For each empirical data file, we attempted to produce two randomizations. First,
we produced a constrained Erdős–Rényi randomized which preserved the number of
nodes and links in the original network as well as the fact that the network
forms a single connected component. These randomizations are stored in
/Data/edgelists_er
. Second, we attempted a configuration
model randomization of each network, producing a random graph which preserves
the degree distribution of the original network, while again confirming a single
connected component. Being a more restrictive randomization, we were less
successful at successfully generating these graphs, in particular for the
movies
subcategory. Those we were able to generate are stored in
/Data/edgelists_cm
.
Finally, we recorded various meta-data for each network collected. These are
stored in a master file entitled /Data/Metadata.csv
. The
name
and type
columns in this file act as the link between each row of
metadata and its corresponding edgelist stored in
/Data/edgelist/[type]/[name].csv
.
This Folder contains the code required to run the analysis, subdivided into
three stages. The first, /Code/Processing
, will be
unnecessary unless you are adding additional data prior to analysis. The code in
this folder was used to generate the randomized versions of each empirical
network.
The second, /Code/Analysis
contains the code needed to
calculate various structural metrics for each of the data files as well as some
code for ancillary analyses reported in the associated publication.

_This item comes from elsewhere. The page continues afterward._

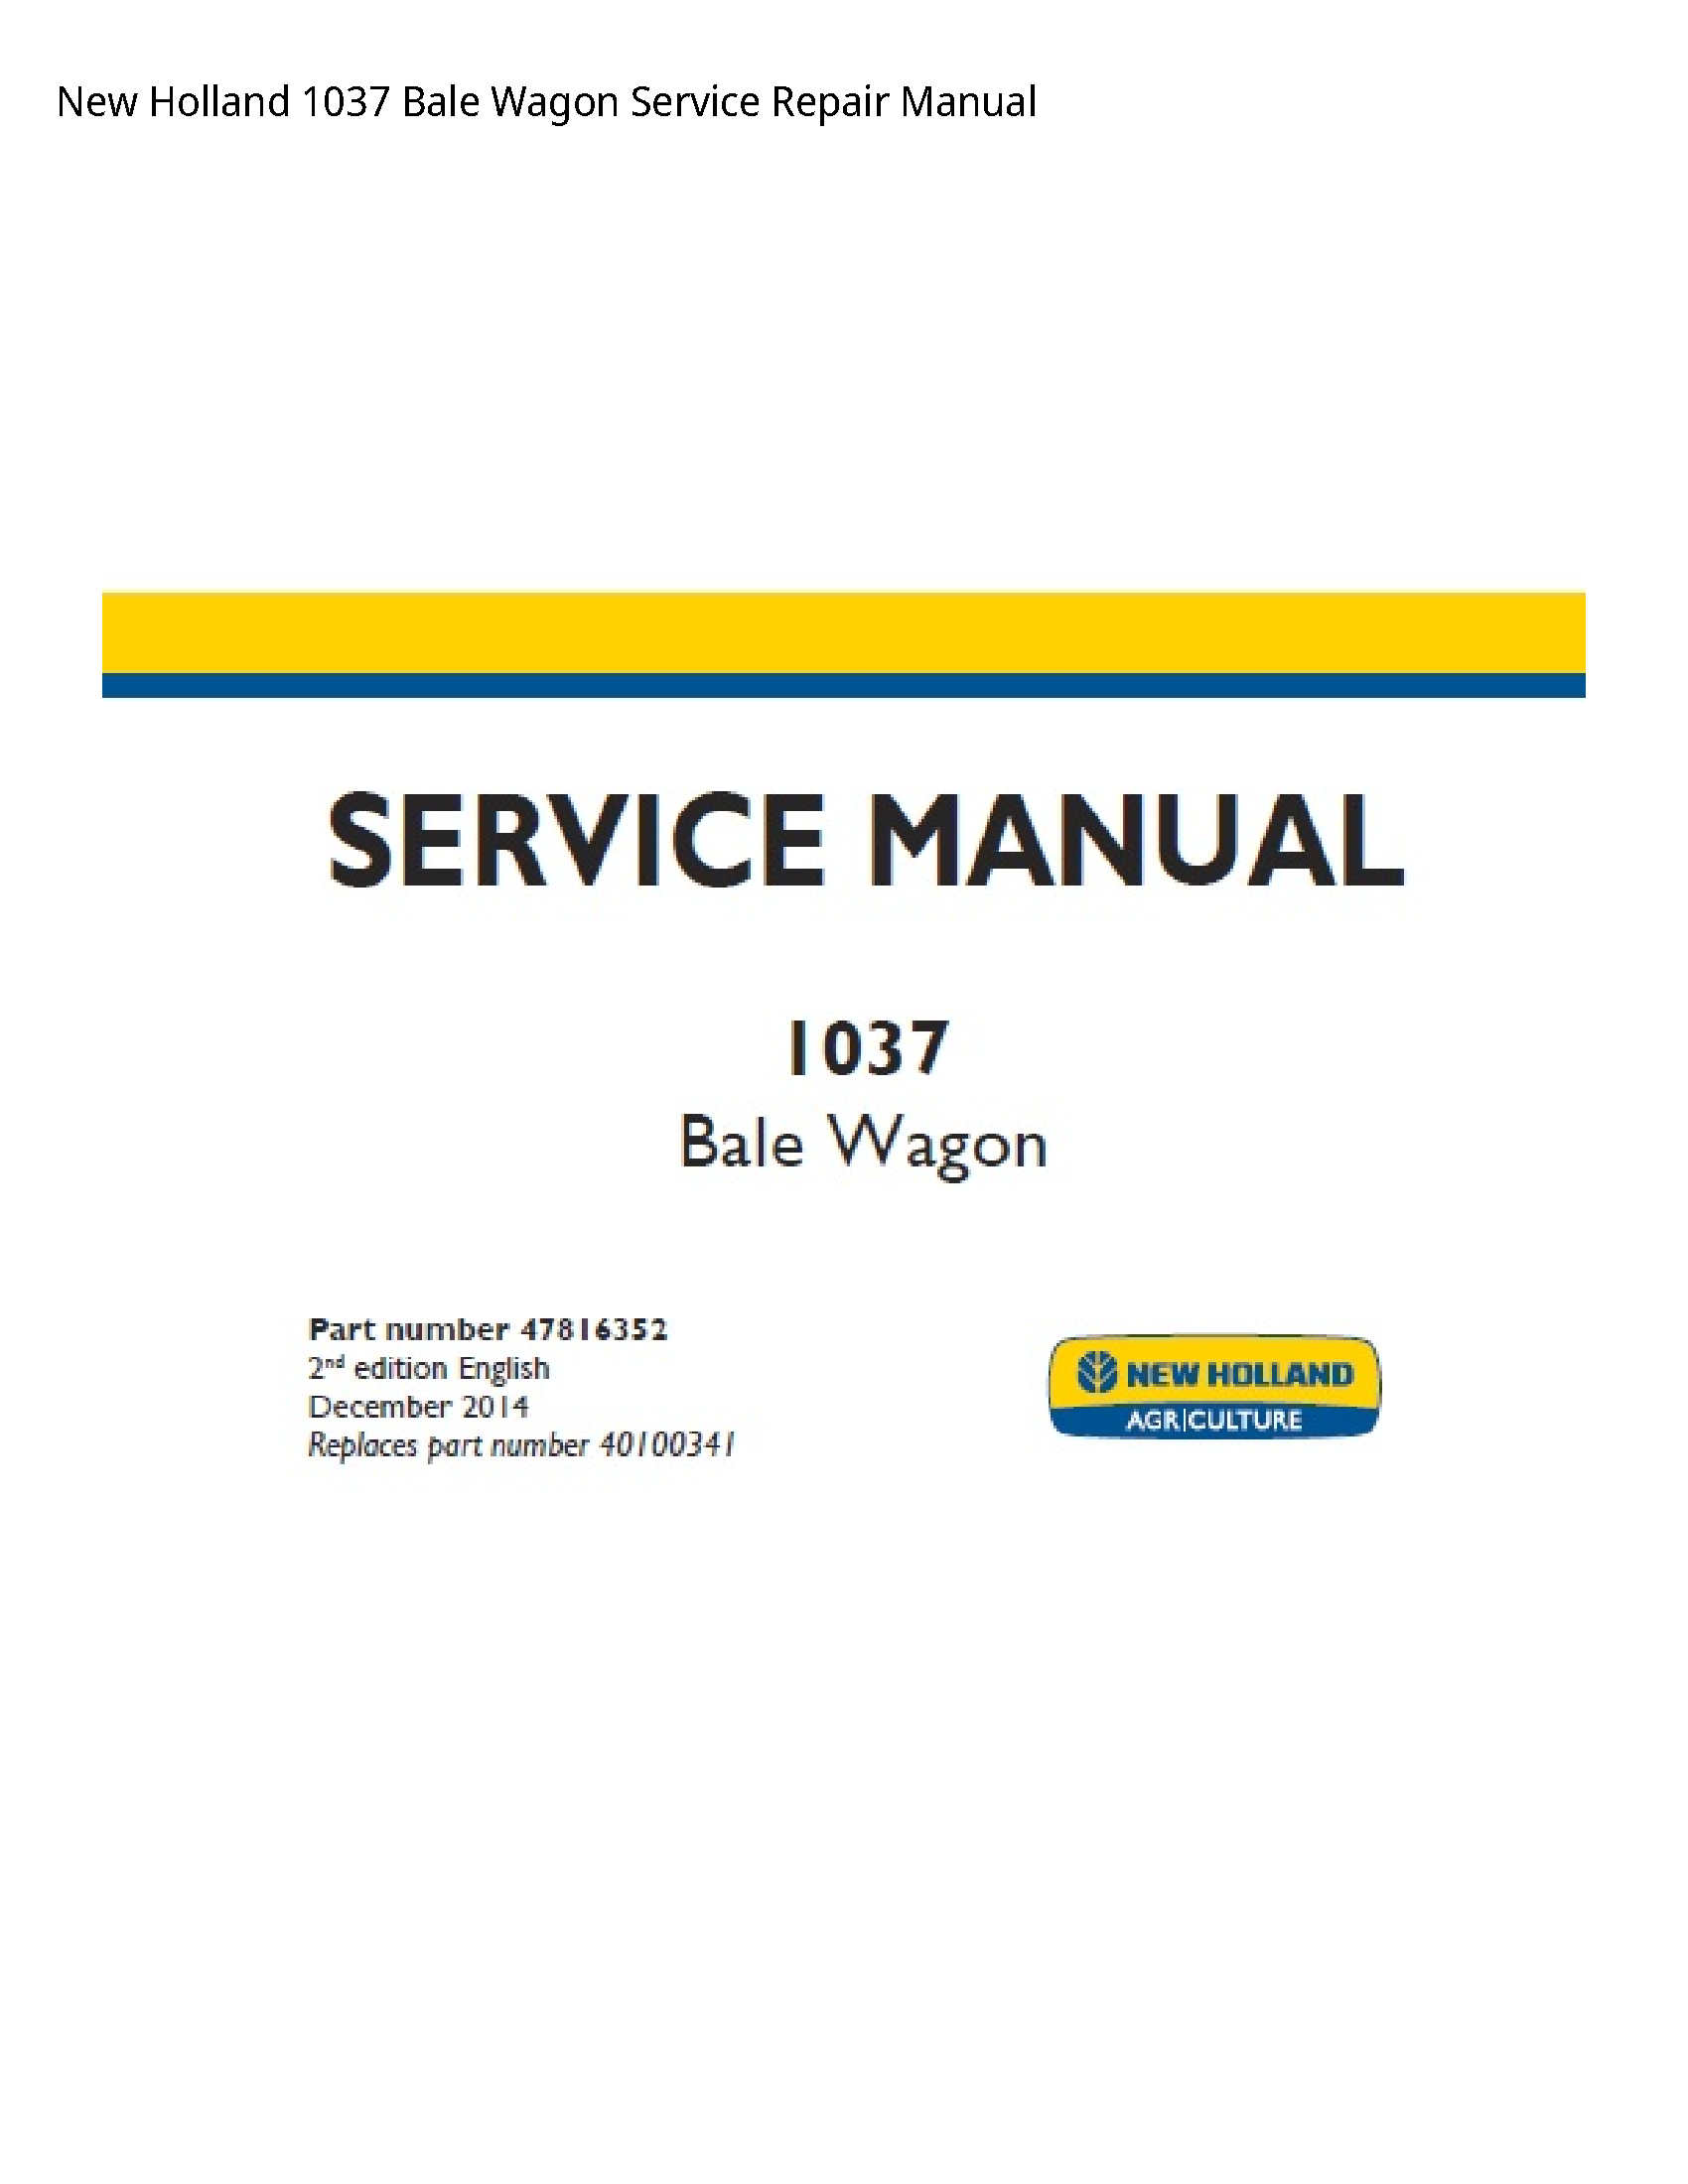 New Holland 1037 Bale Wagon manual

We have included all of the metrics we calculated in the /Results
folder already, but if you wanted to re-run these calculations or wanted to add
new metrics to the list, the key scripts for this are
full_analysis_of_one_file.R
and
run_analysis_over_all_files.R
.
The latter is a wrapper for the former, running it for each data file in a
directory. The former takes in an edgelist file (such as one of the files in the
/Data
directory) and calculates a number of network-structural
metrics, returning a corresponding output file in the /Results
directory. This file will consist of a single row table with each column holding
the value for a different metric.
Finally, /Code/Plotting
contains the code needed to produce
the figures presented in the associated publication.
This folder, now empty except for the full_pca_simple_demonstration.pdf
, which results from the simple demonstration outlined below, will be the default output folder for figures generated
by the plotting scripts mentioned above.
Running the analysis as instructed results in the generation of a one-line
.csv
result file for each network in the data folder. As mentioned above,
this folder is pre-filled with the metrics we calculated for the paper.

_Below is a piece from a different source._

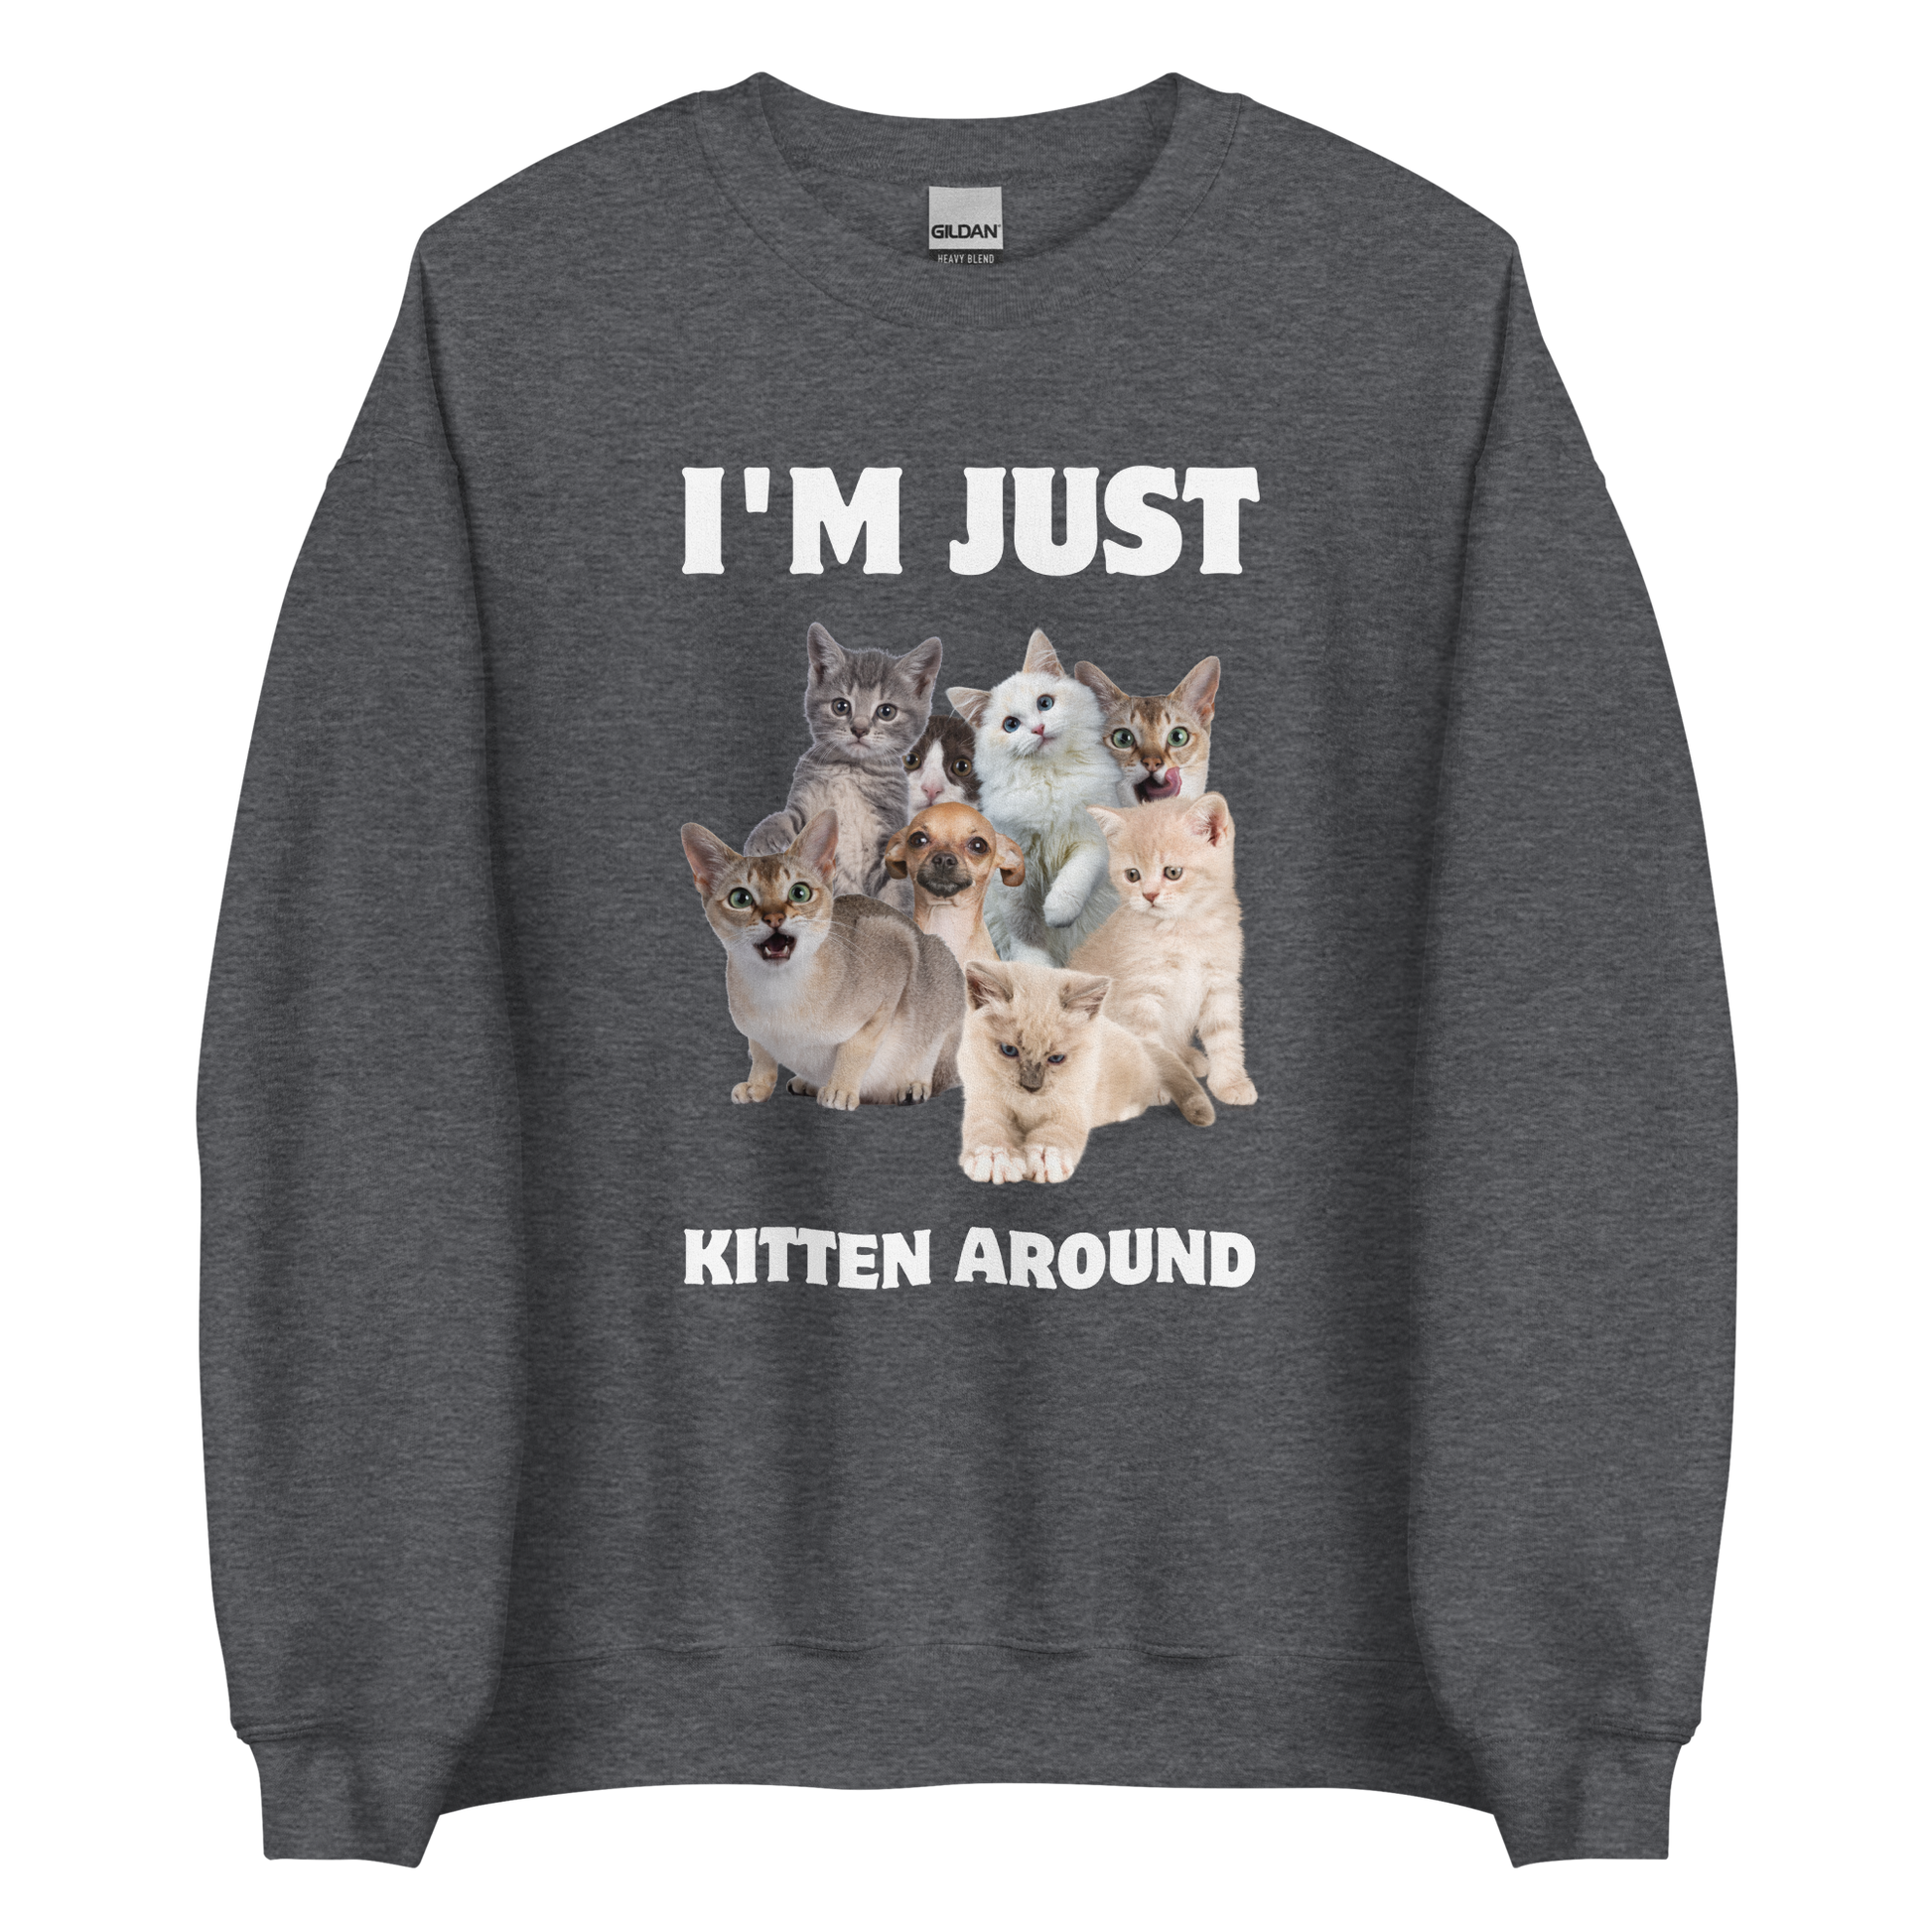 Dark Heather Cat Sweatshirt featuring an I'm Just Kitten Around graphic on the chest - Funny Graphic Cat Sweatshirts - Boozy Fox

The data files and their randomizations are already provided in the /Data directory. To get a feel for the analysis, we will start with a simple demonstration using the metrics reported in the associated publication.

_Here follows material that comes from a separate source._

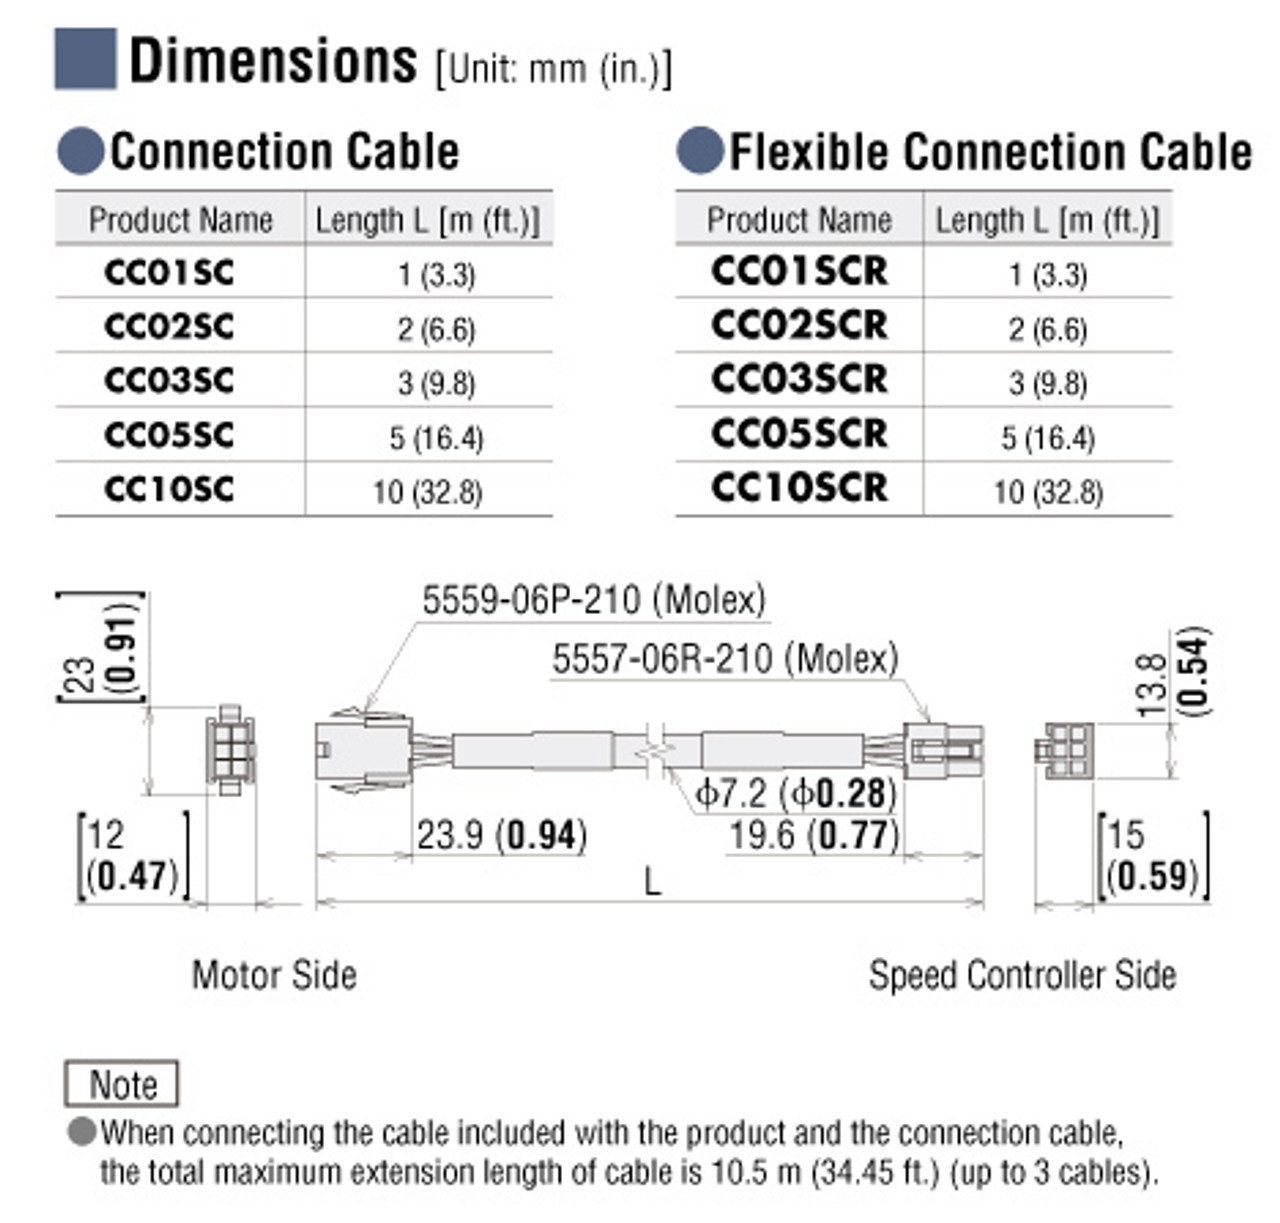 CC01SC - Dimensions

To start, we will calculate a few structural metrics for each network: the two rightmost (largest real part) eigenvalues (λ₁ and λ₂) and three analytical estimates for these values (a configuration model λ₁, an Erdős–Rényi λ₁, and a Marchenko–Pastur λ₂).
The code
run_simple_demonstration_analysis.R
performs these calculations and produces an output file entitled
SimpleDemo_results.csv
in the /Results
folder.
Our hope is that these metrics will allow us to partition networks by type, and
we can visualize the relative success of this using principal component analysis
(PCA). For this, we turn to the code in the /Code/Plotting
directory.
The key figure for this can be generated using
plot_pca_simple_demonstration.R
which will save a new .pdf
file into the /Figures
folder entitled
pca_simple_demonstration.pdf
.
Other figures can be generated using the
plot_pca_results.R
script, which
constructs the pca space more generally and then calls the relevant
figure-specific code to generate each of the first three figures of the main
text, as well as their analogues in the supplementary information. The data and
figures associated with the Nestedness/Modularity component of the work can be
generated using the
nest_mod_comparison.R
and
pca_only_mod_nest.R
scripts, which will
be being cleaned and annotated over the coming days.